Classic tasks in which animals are trained by professional animal trainers with the help of targets are presentations and demonstrations, for example by sea lions. Targets are also used in medical training, in preparing animals to tolerate diagnostic examinations or injections in order to avoid immobilization or anesthesia . Other areas of training are enrichment and agility (both employment programs).

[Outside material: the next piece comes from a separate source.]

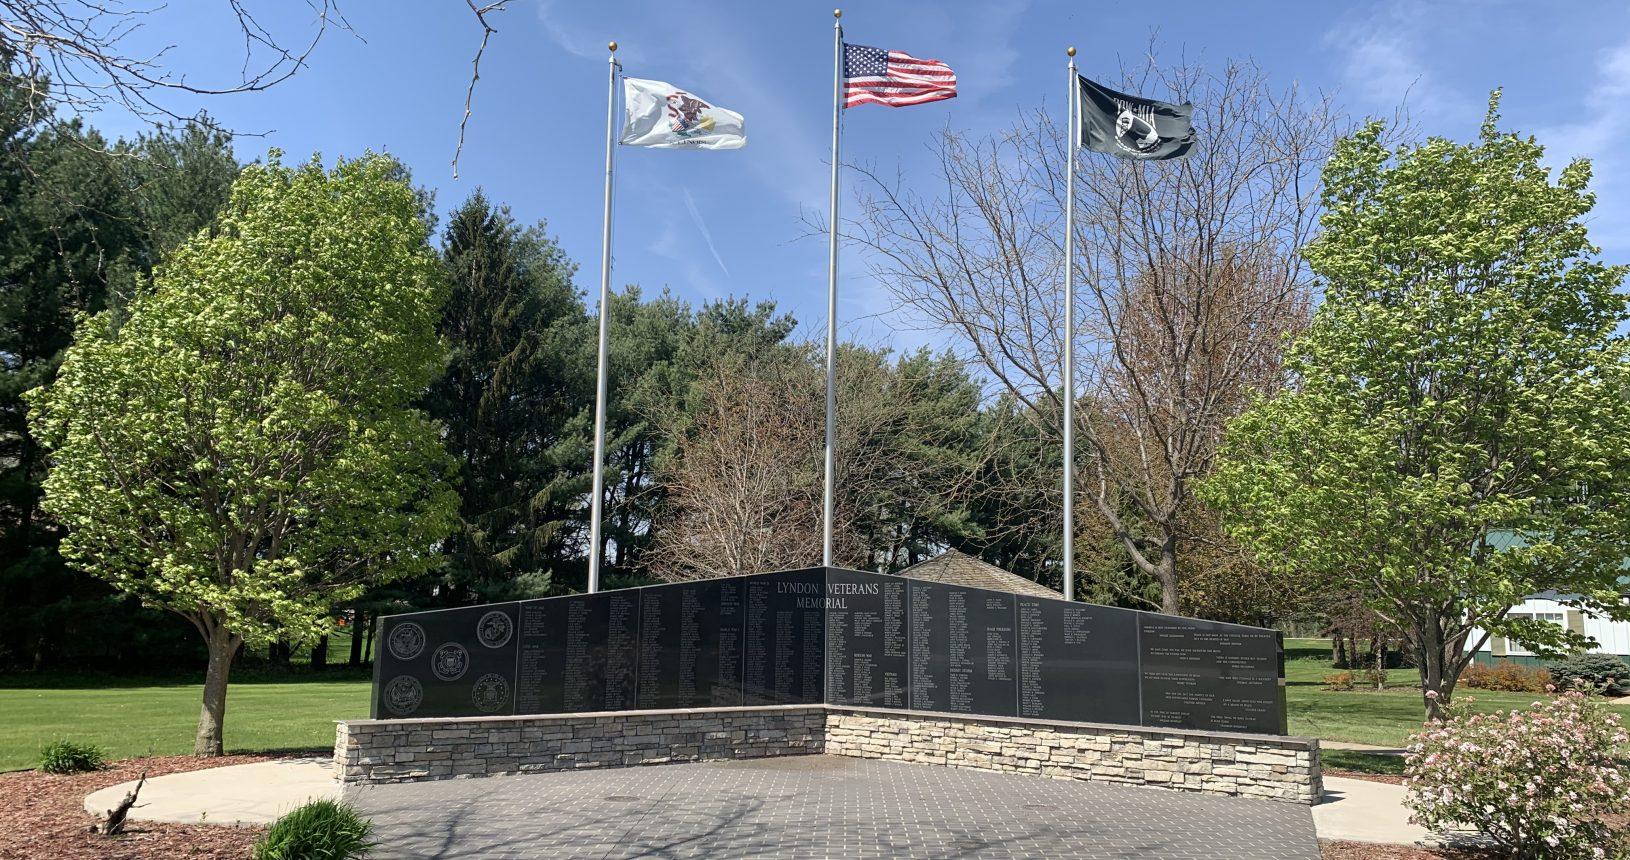 lyndon veterans memorial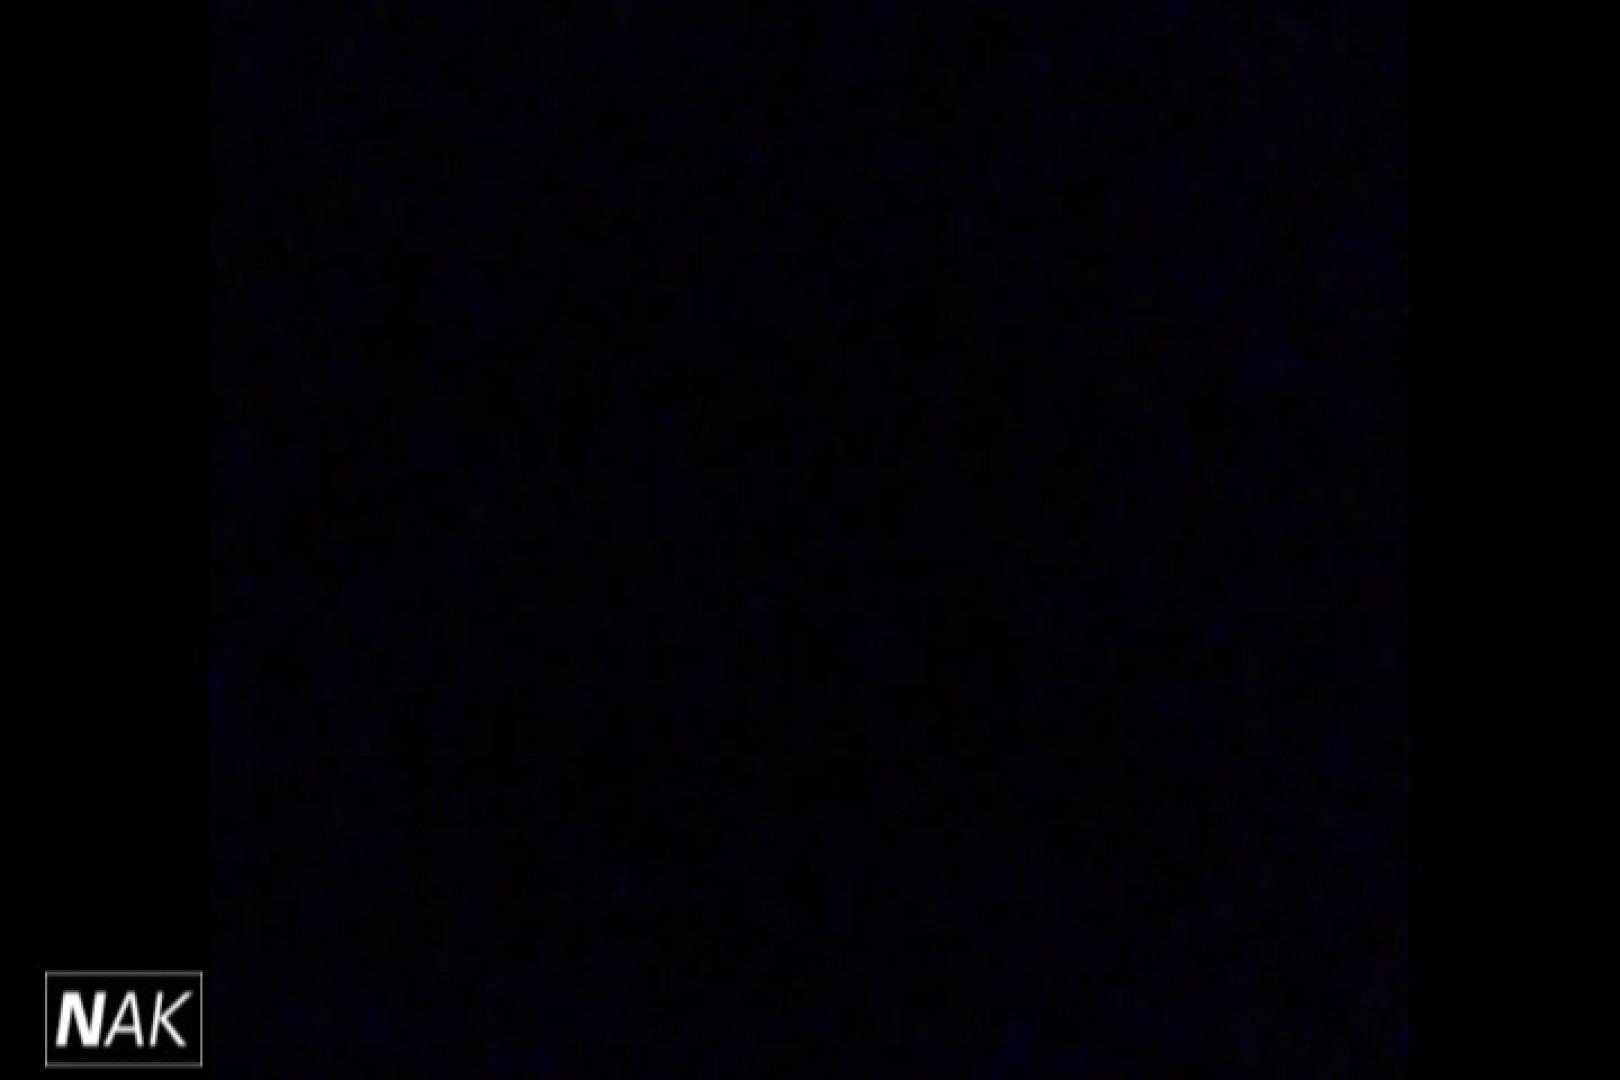 せん八さんの厠観察日記!2点監視カメラ 高画質5000K vol.07 リアル黄金水  104画像 30

A target, in particular the target stick, can also be used to point the animal to a place or object, which then, in the context of the peculiarity of the place or object, causes the animal to react in a desired manner (e.g. taking a certain place).

Touching and remaining on a specially shaped plate is used when a number of animals are to be referred to certain places at the same time in the same place. The animals are conditioned beforehand to touch their personal target, which is clearly different from others, and to remain there.

In the training of assistance dogs z. B. by means of an adhesive (colored or otherwise conspicuous symbol), which is stuck to the light switch, the switching on and off of the light can be trained with the paw. Dogs can also learn to send ahead to specific locations with the help of targets.

Shapes of targets

Examples of targets in the form of plates

A wide variety of objects can serve as targets, for example an adhesive, a blanket, a sheet of paper or a flat cardboard box. An extended index finger or the palm of the hand can also be conditioned as a target. The stick that a tamer wields in the circus when showing animals (usually next to a whip) is also a target stick.

The target stick is used for animals in the house (dogs, cats, guinea pigs, rabbits etc.) as well as for exhibition animals, including zoo animals, as a steering aid without being a tool for punishing or enforcing instructions.

Target plates can be used on their own or on rods.

Suitable targets and target sticks are always designed in such a way that the animal cannot experience pain or injury from accidental or intentional contact (eyes!).

Individual evidence

  1. a b Karen Pryor: Don't Shoot the Dog !: The New Art of Teaching and Training . Interpet, 2002, ISBN 978-1-86054-238-1 , pp. 58 ( online ).